5198. Chairman.] You would rather have the regular punishment of the sailors?—A total withdrawal of the men from the place where their slave trading occupation leads them, even if they are not punished in Portugal and Spain, would have a good effect; they would be withdrawn so completely from the line of their ordinary business, that the expense of their finding their way to the Havannah or the Brazils would deter them from engaging in such voyages, except at extravagantly high wages.

5199. Mr. Aldam.] Why could not they work their way back?—But they still would be losing the enormous wages that they would obtain on board a slave ship.

5200. Mr. W. Patten.] Do you happen to know the wages given on board the slave ships?—They vary a little; but the wages of a common sailor I have known to be 5l. a month. I should say a common seaman on board one of those vessels would obtain, taking the value which the slaves fetch, 7l. or 8l. a month on a successful voyage.
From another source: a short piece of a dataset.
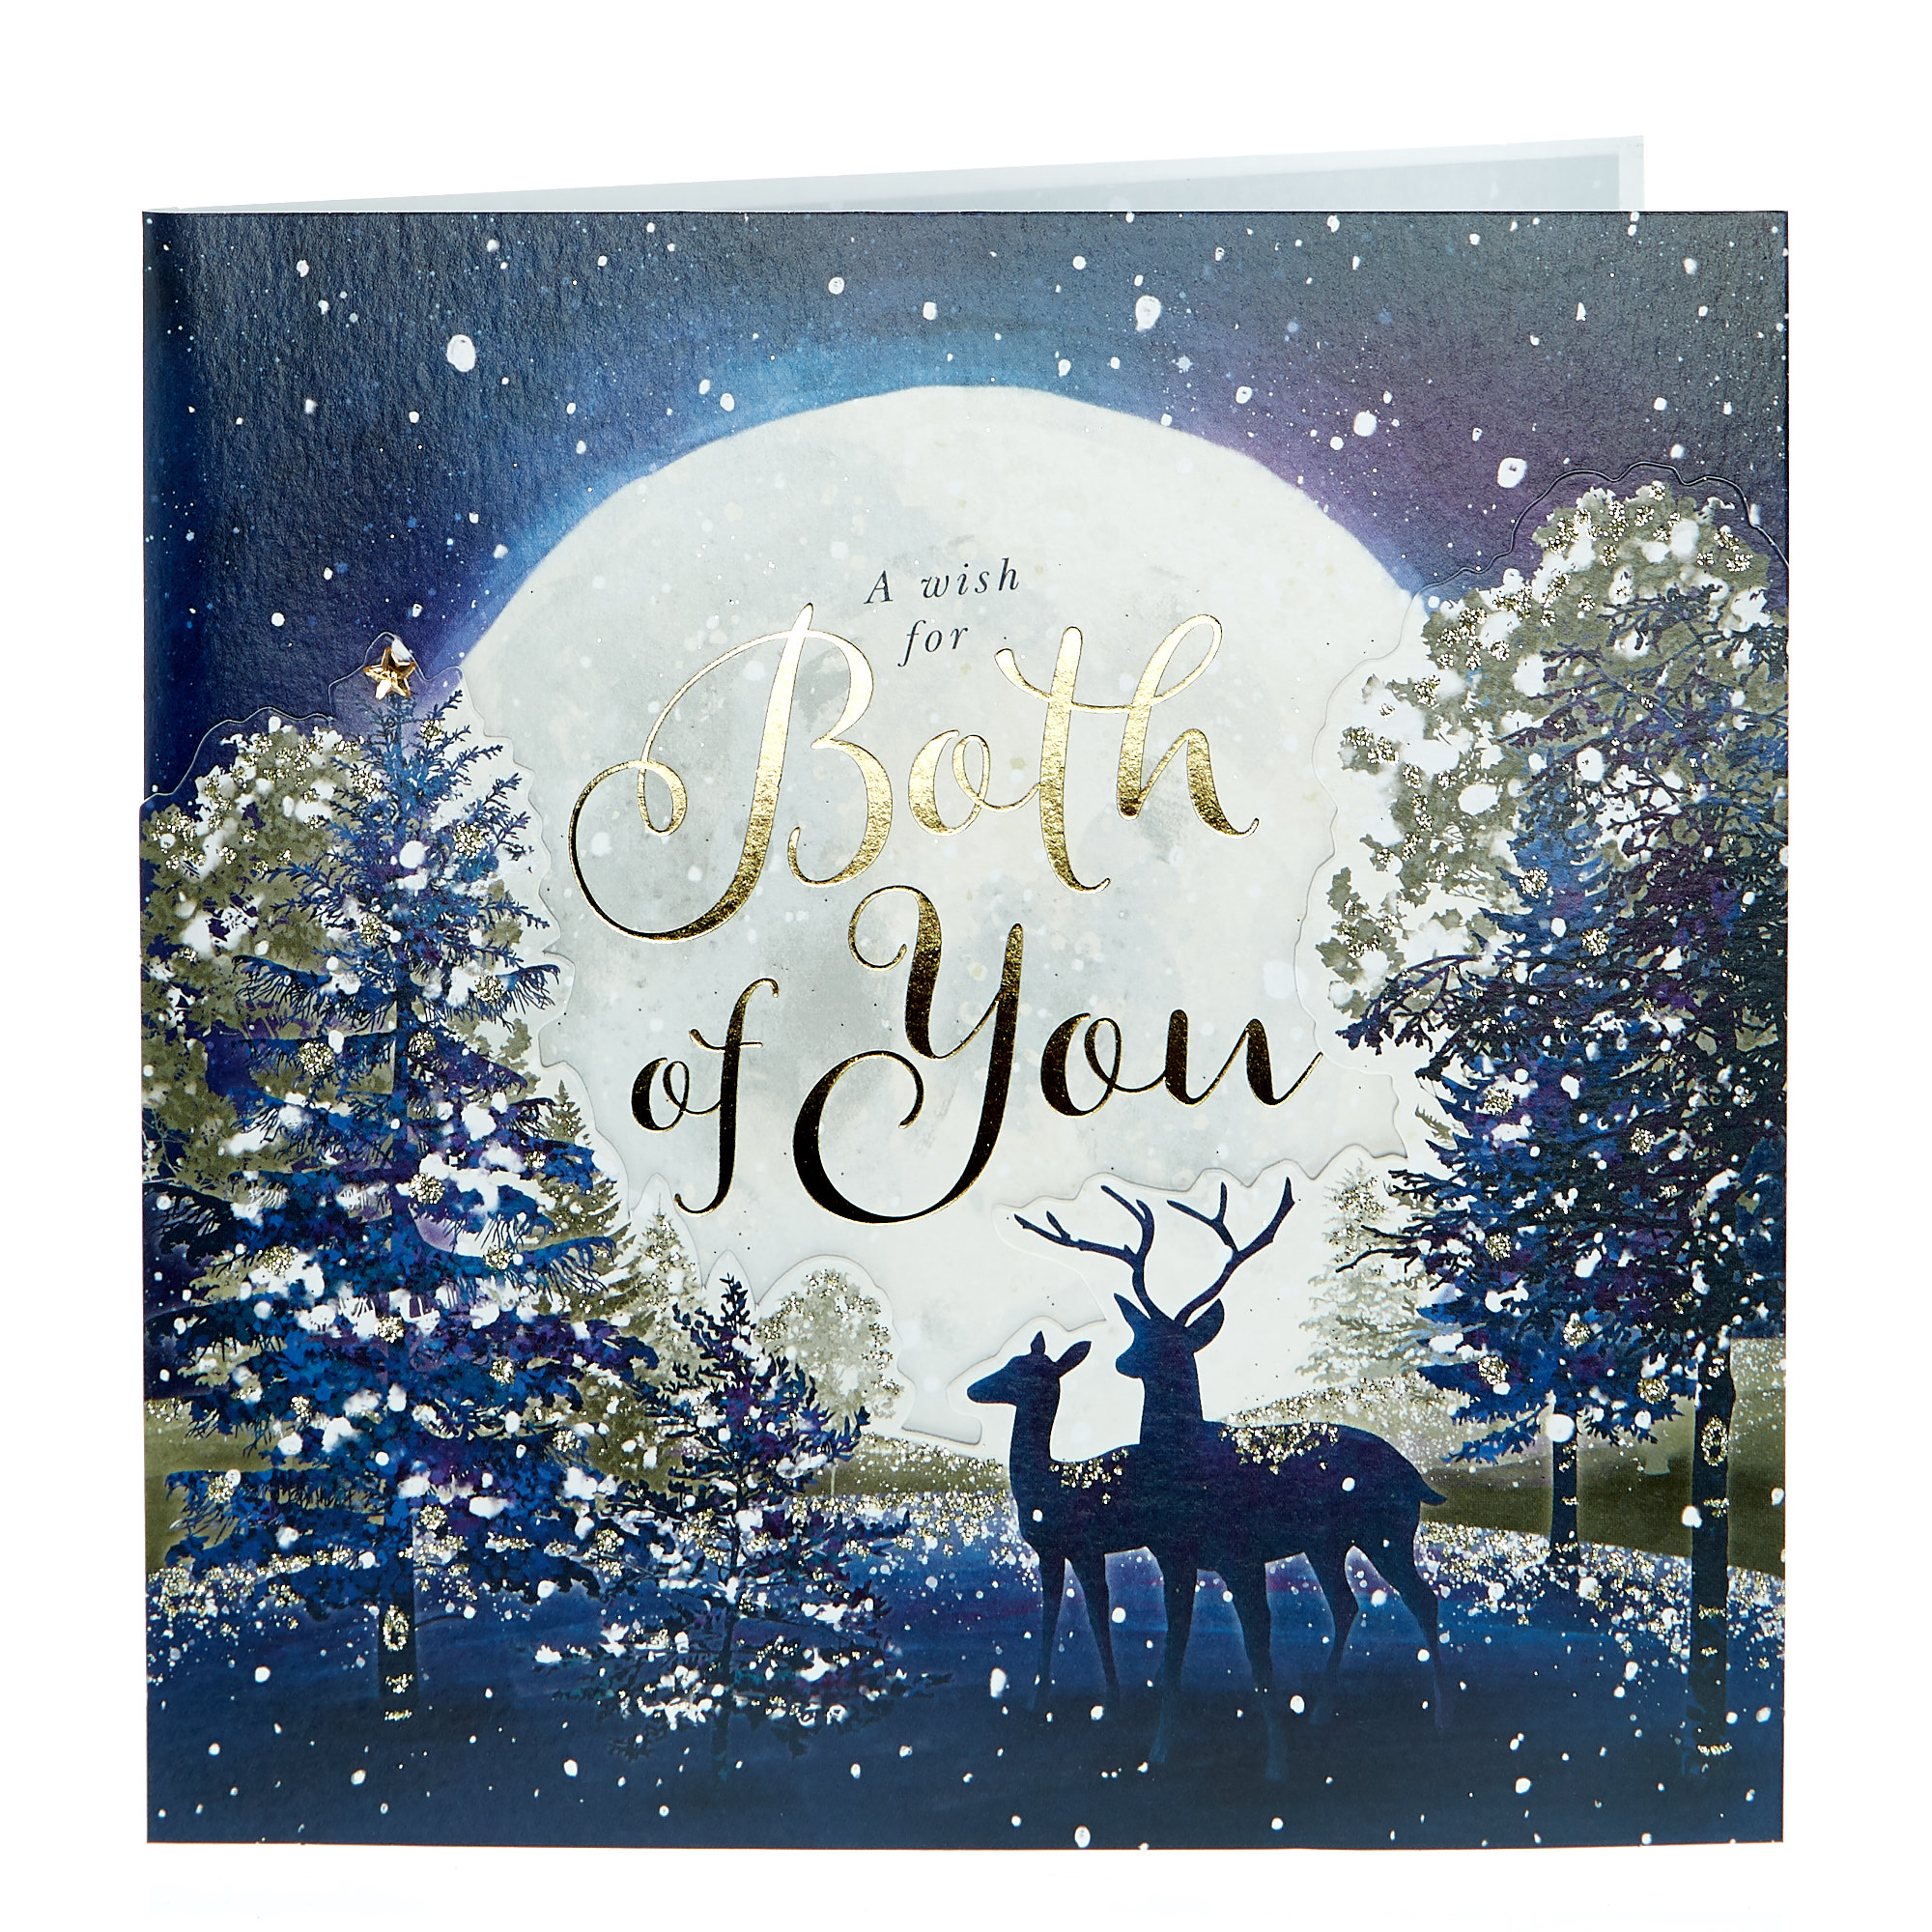 Exquisite Collection Christmas Card - A Wish For Both of You

5201. Of course, those sailors undertake those voyages, and obtain that enormous remuneration on account of the danger they run to life and limb, from coming into the hands of our cruizers?—Yes; English sailors would, until lately, have been hung if we caught them on board a slave vessel, and, therefore, we see no English sailors in that trade; but you would have men of all nations volunteer into it, if it were not for the danger they ran.

5202. There is nothing in the trade itself, except the danger that they run from our cruizers, which would lead to such enormous wages?—Nothing whatever; they may be exposed to very great inconveniences, and if you increase the inconveniences in the way I proposed, the wages would double, probably; the rate of wages depends upon the danger and inconvenience.

5203. Do you think that all the parties usually engaged in the slave trade are perfectly aware that they run the risk of being put on shore in case of capture, and of having to undergo great peril of their lives before they can return to their homes?—It is known in all the slaving ports; it has been the universal practice ever since the cruizers were on the station to land the crews; indeed it cannot be otherwise with the small vessels that we have on the coast. To venture to take fifty or sixty scoundrels like the crews of those vessels, on board such a ship, would be madness.

5204. Have you had your attention called to the very great hardship which some of those crews have sustained when put on shore?—It has not come before me in any way whatever; I have no knowledge of it at all; I attended this Committee some time ago, and I heard of one case, where it was mentioned that they were starved, but that is the only case I have heard of.

5205. Can you suggest any alteration by which they could be put on shore and subjected to very great personal inconvenience, without the dreadful loss of life that we have heard of?—I think they were as badly off when they were landed at Prince’s, which is a Portuguese settlement, as they are at any other place.

5206. Would it increase the expenses very materially, or be a very material inconvenience, to fix upon certain points of the coast at which the crews could be landed before the vessels were sent to Sierra Leone for judgment?—I do not think it could be done; it would take the cruizer out of his ground, and would inconvenience him greatly; the object is to keep the vessel efficient for the cruize, and keep him on the ground; an empty vessel might run out, in order to be taken, while the full slaver got away.

5207. If the regulation were adopted, that a cruizer taking a slaver in certain districts, which should be detained, should be obliged to land the crew at particular places; would that be practicable?—I do not think it is possible.